Methods We developed the eClinical Care Pathway Framework (eCCPF) consisting of a nine-step iterative process, Step 1: determines aims of the online clinical care pathway; Step 2: defines the functional units of the pathway; Step 3: drafts the online clinical consultation; Step 4: expert review; Step 5: comprehension testing; Step 6: user-centred interface testing; Step 7: specification development; Step 8: usability testing and further comprehension testing; Step 9: pilots the pathway. We then applied the framework to create the Chlamydia Online Clinical Care Pathway (Chlamydia-OCCP).

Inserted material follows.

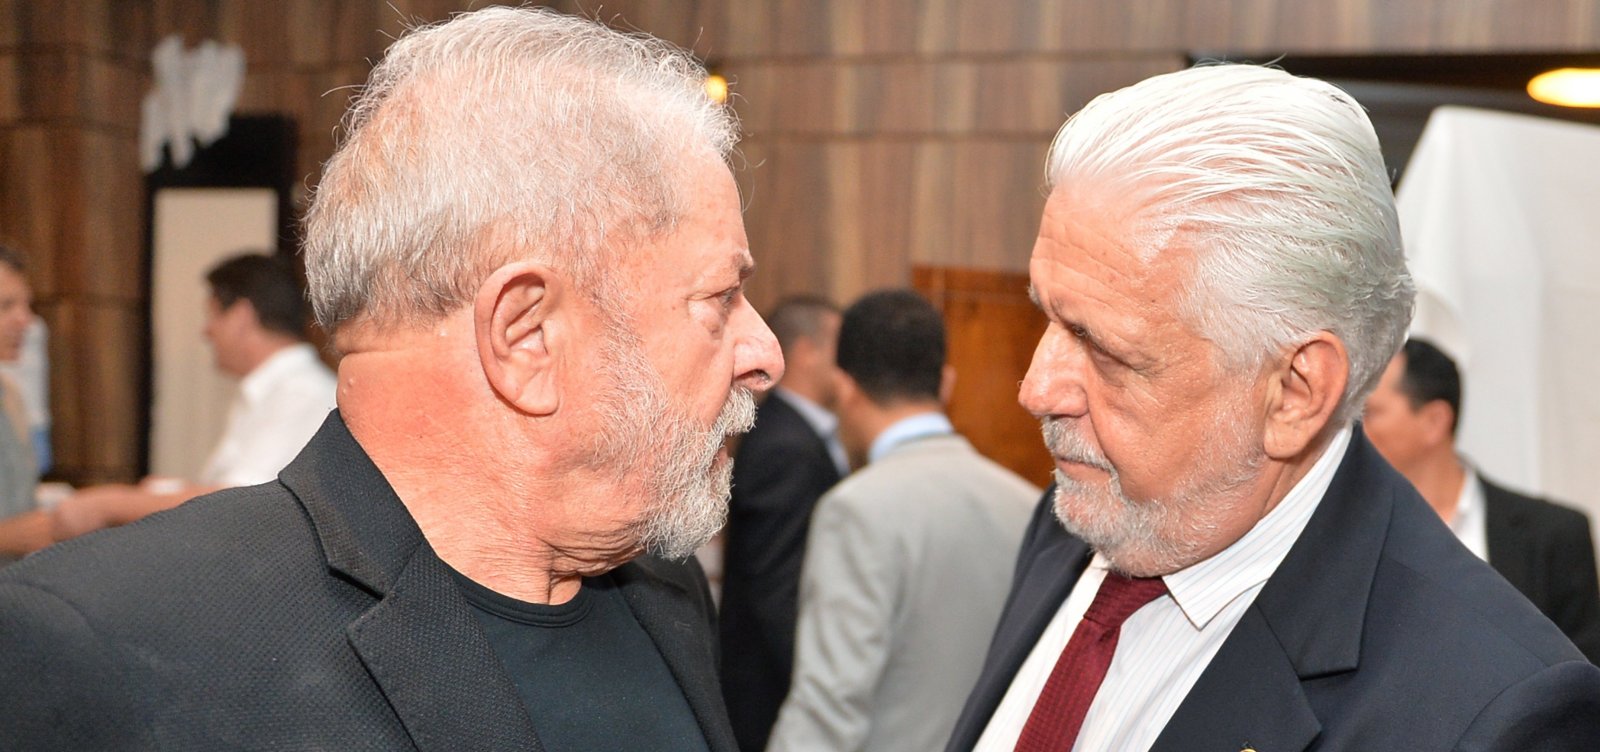 Wagner defende renovação no PT e alfineta Lula: 'Não vou ficar refém dele'  - Metro 1

Results Using the eCCPF enabled us to elucidate the different sequence of functional units of care, as in contrast to traditional medicine, the Chlamydia-OCCP starts with provision of test results (diagnosis). Users then obtain infection-related information, before completing an online automated clinical consultation (medical and sexual history, partner notification), before collection of antibiotics from a community pharmacy. This enables a more focussed approach to assessment of safety of antibiotic prescribing than lengthier traditional medication history questions.

Conclusion By following each step of the eCCPF, the resulting Chlamydia-OCCP has a different sequence to traditional care pathways and is adapted to the needs of remote testing and online care. It provides the clinical services and surveillance functions required to meet UK national standards. This standardised method of collecting data on demography and sexual behaviour, with easily extractable data and potential for interoperability with surveillance systems, could be a powerful tool for public health and clinical management.

Disclosure of interest statement Nothing to declare.